● **ASSIGNMENT**
Beneath this line is the data. Output exactly the lines from the line with "氷魔法02(冷気属性魔法)の未再生の波形" to the line with "Native american female", both ends included, and nothing more.

● **INPUT DATA**
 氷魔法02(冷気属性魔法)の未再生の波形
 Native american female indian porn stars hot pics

---

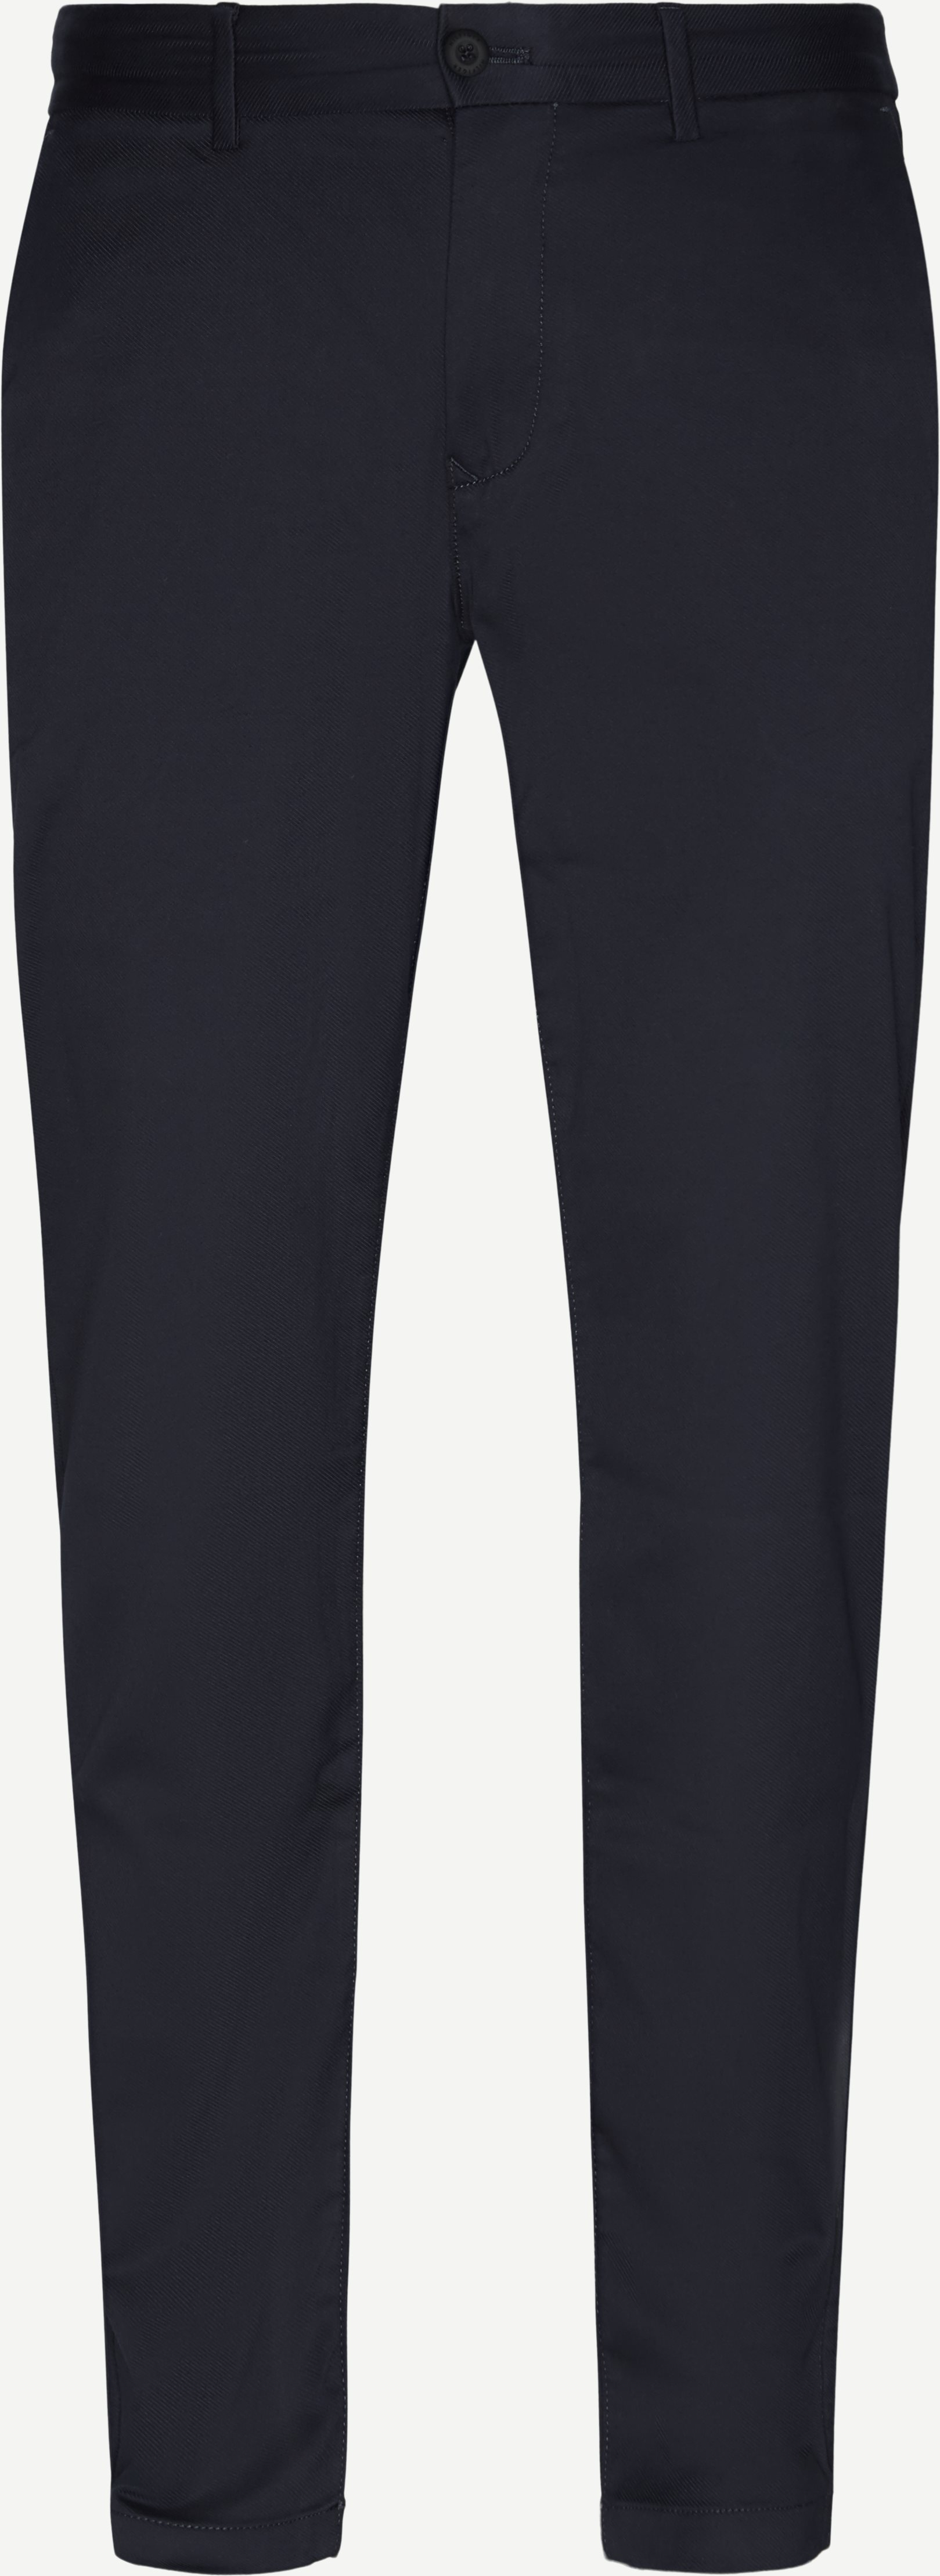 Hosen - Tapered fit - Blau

● **RESULT FOR THIS EXERCISE**
 氷魔法02(冷気属性魔法)の未再生の波形
 Native american female indian porn stars hot pics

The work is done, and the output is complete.